I even entered him in a halter class at a local show and we took 2nd out of 7 geldings! Even with a bum scar-tissued foot! I spoke to the judge after the event because I wanted his opinion on his foot, and the judge said he could clearly see that it was not something he was born with and it did not affect his gait at the walk or trot at all, and therefore was strictly a cosmetic blemish. He also said if his hind end would have been a little more muscled, he would have placed him 1st!

So like I said, up until this year, he has been 100% sound with no signs of lameness. And now he's going this limping thing.


----------



## Deerly (Apr 18, 2010)

Your mom telling you on the phone the horse seemed to be limping w/ no other details really isn't enough to go on to tell you what's wrong or what could be the issue.

Honestly it could be something as simple as a rock in his foot or a sore muscle / light sprain. It could also be an abscess or arthritis or something much more serious.

A limp could be a problem with his foot, his leg, his back, all kinds of things that may make him uncomfortable. 

I think it's probably quite possible to get some help on the internet but you need to provide more information! Maybe even a video of him being walked / trotted so people can see what you mean by "limp" and narrow down where the lameness may be coming from. 

You can use hoof testers on his feet (since he's barefoot) and feel for heat or swelling in the leg. If it's a really dramatic limp out of the blue I would probably think it's an abscess.


----------



## beau159 (Oct 4, 2010)

Deerly said:


> Your mom telling you on the phone the horse seemed to be limping w/ no other details really isn't enough to go on to tell you what's wrong or what could be the issue.
> 
> Honestly it could be something as simple as a rock in his foot or a sore muscle / light sprain. It could also be an abscess or arthritis or something much more serious.
> 
> ...


Yes, you are right my mom did not give me any other details when she saw him out in the pasture limping the first time. She was just walking across the yard and saw them moving around out there in the pasture and noticed it, but didn't have time to go look. 

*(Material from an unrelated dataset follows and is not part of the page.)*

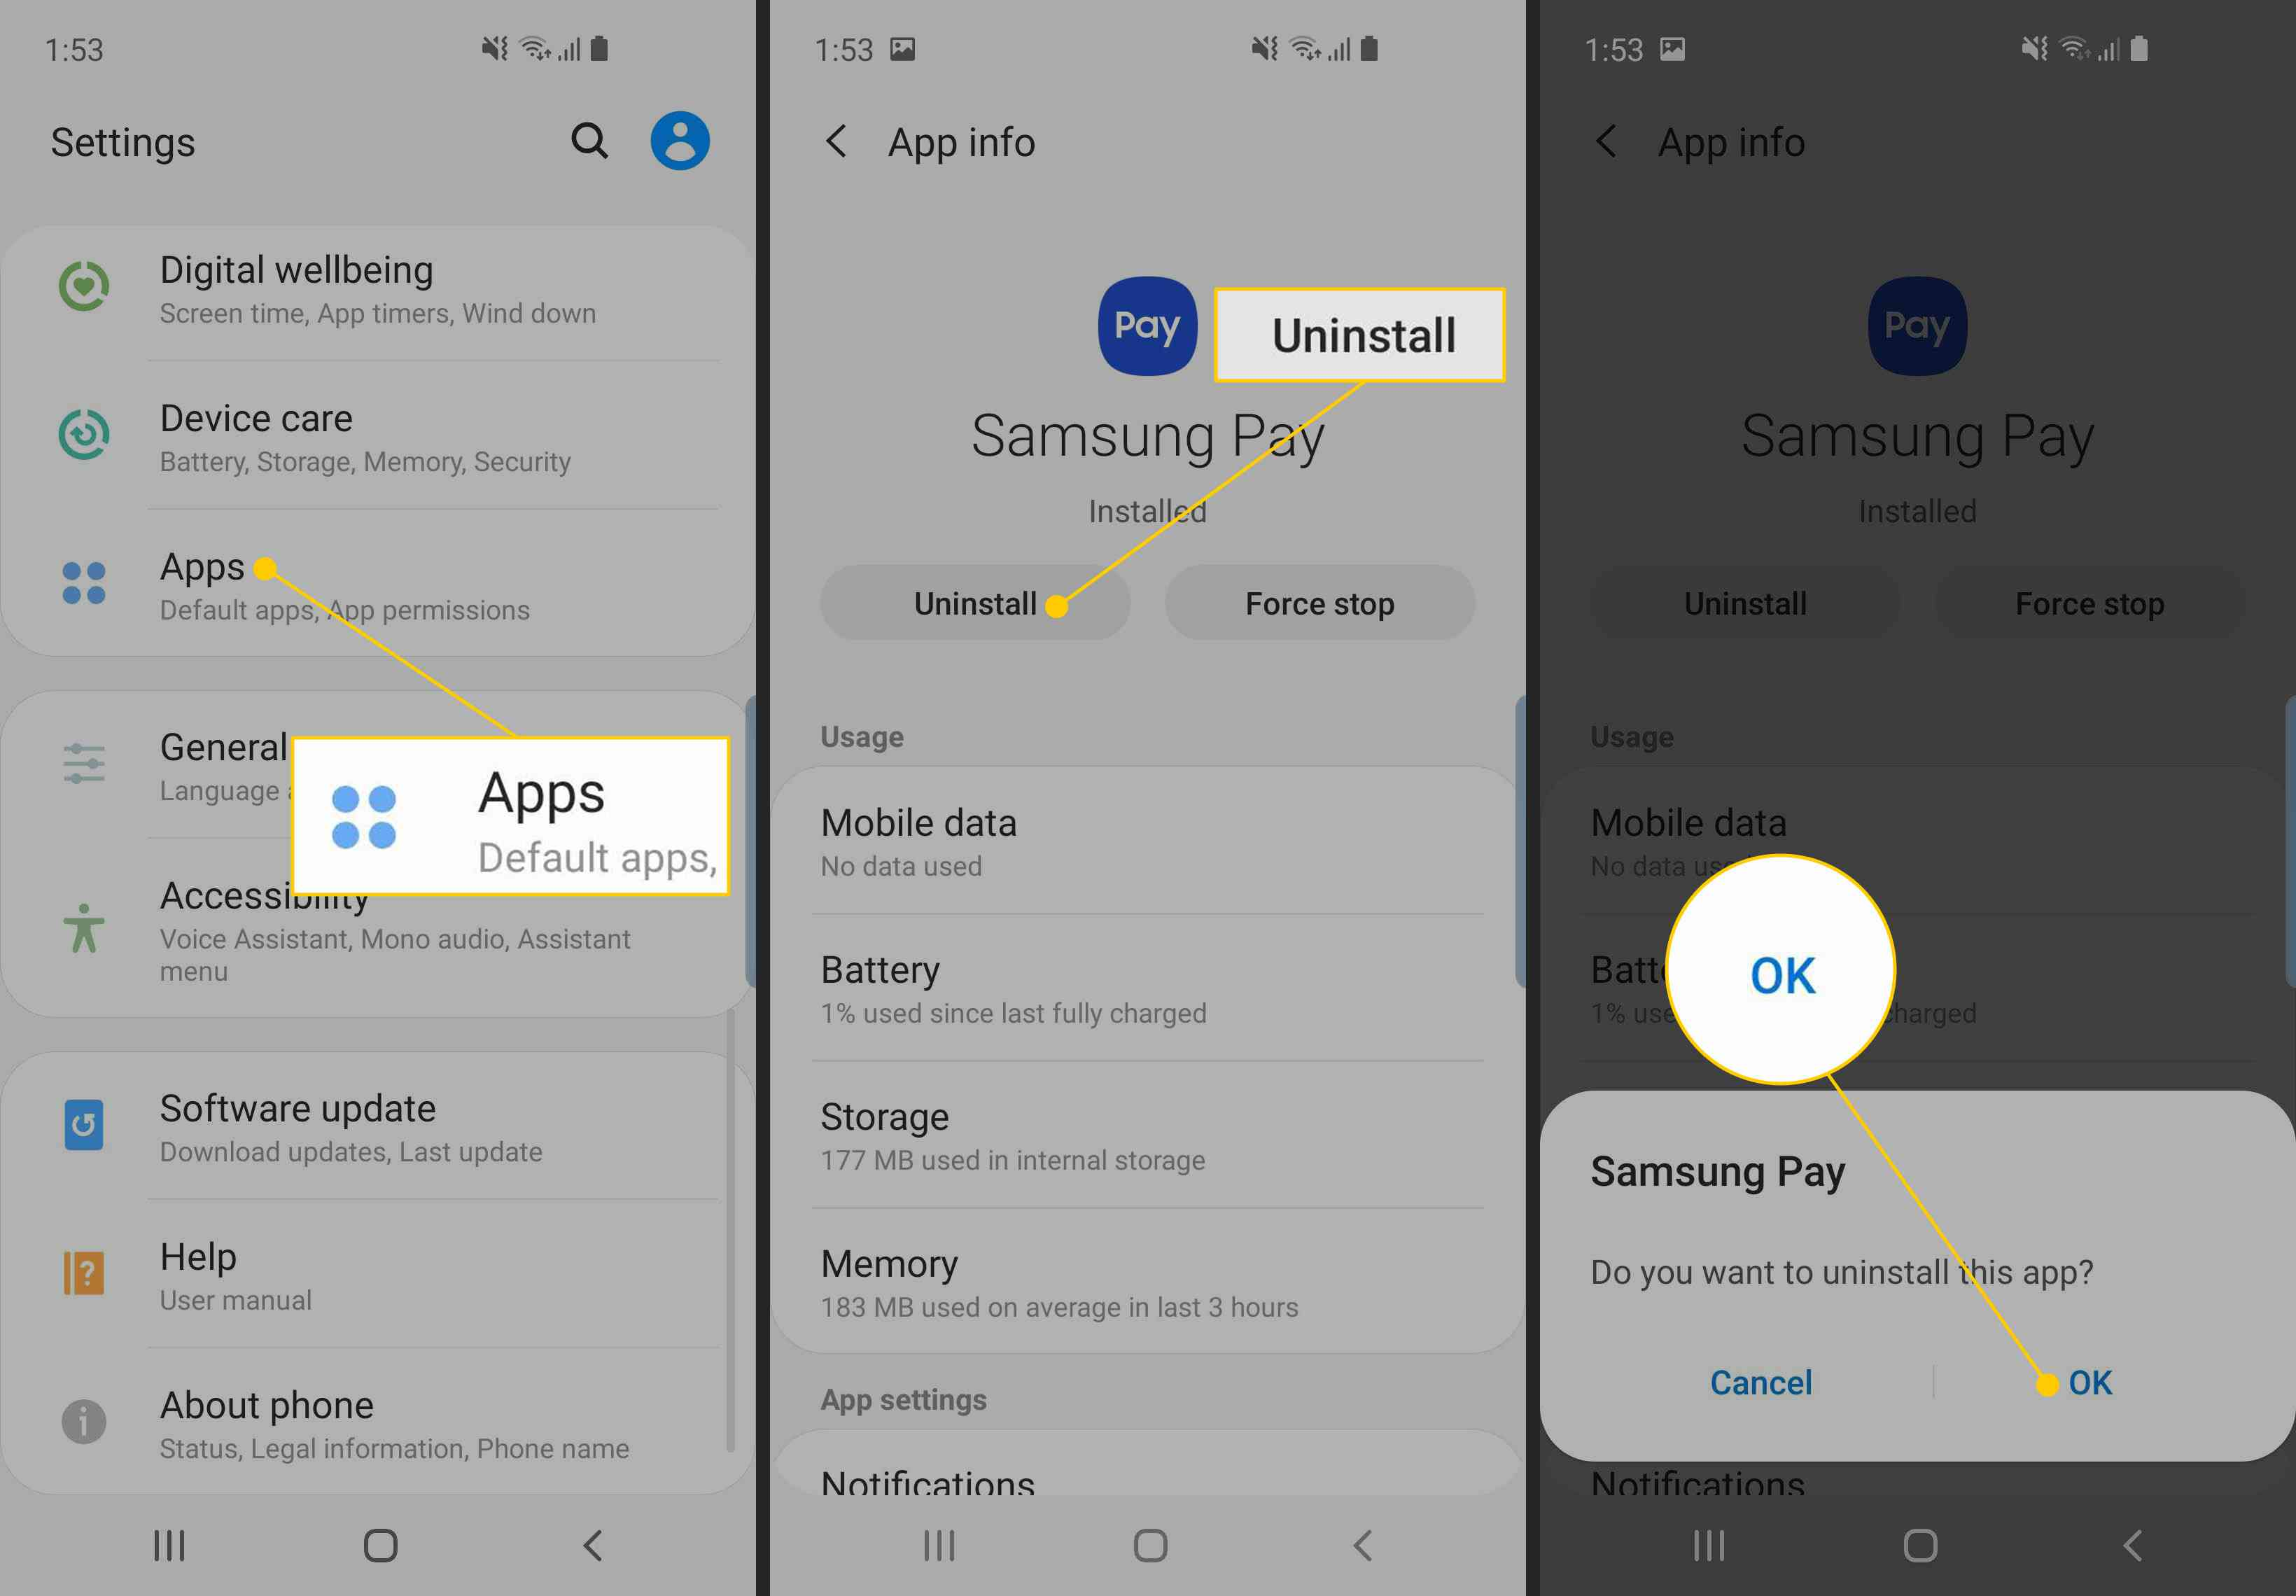 Apps, Uninstall button, OK button on Samsung

However, I should have said that she does try to check the horses (including her own, who we have to constantly monitor for foundering) at least every couple days. So she has looked him over since then. Plus, I DID say that the day she rode him and he was limping, she did check him over for any rocks in his feet, any swelling or heat from his joints, or any obvious outward signs of lameness, only to find nothing. 

As far as it being a sore muscle or a light sprain ... would that really be something that could be happening over the total span of almost 3 months, and occuring randomly during that time? It was the middle of July when I started riding him during my short break, and now it is October. I guess I would assume if it was a sore muscle or something, it would have healed on its own by now, especially since he has just been sitting in the pasture resting for over a month? I guess I would also assume he would consistently be limping if it was a sore muscle or light sprain, because it would always hurt? But I guess there could be "worse" days than others....

I would absolutely love to post a video, but as I mentioned, I am 1600 miles away in grad school. That doesn't work to well to get a video of him.  And my parents have dial-up internet still, so there's no way my mom could upload a video with that. I wish I could though.

We don't have a hoof testers, but like I said, my mom has already checked his feet and legs for any signs, as I did as well when I was home. Although not a hoof tester, I did pick at his foot with the hoof pick to try to see if there were any tender spots. I didn't find anything. 

And his limp (at least when I was riding him) was not a huge dramatic limp, but it was easily noticable. I guess I have personally never seen a hoof absess, but I would assume it would be something obvious to see? 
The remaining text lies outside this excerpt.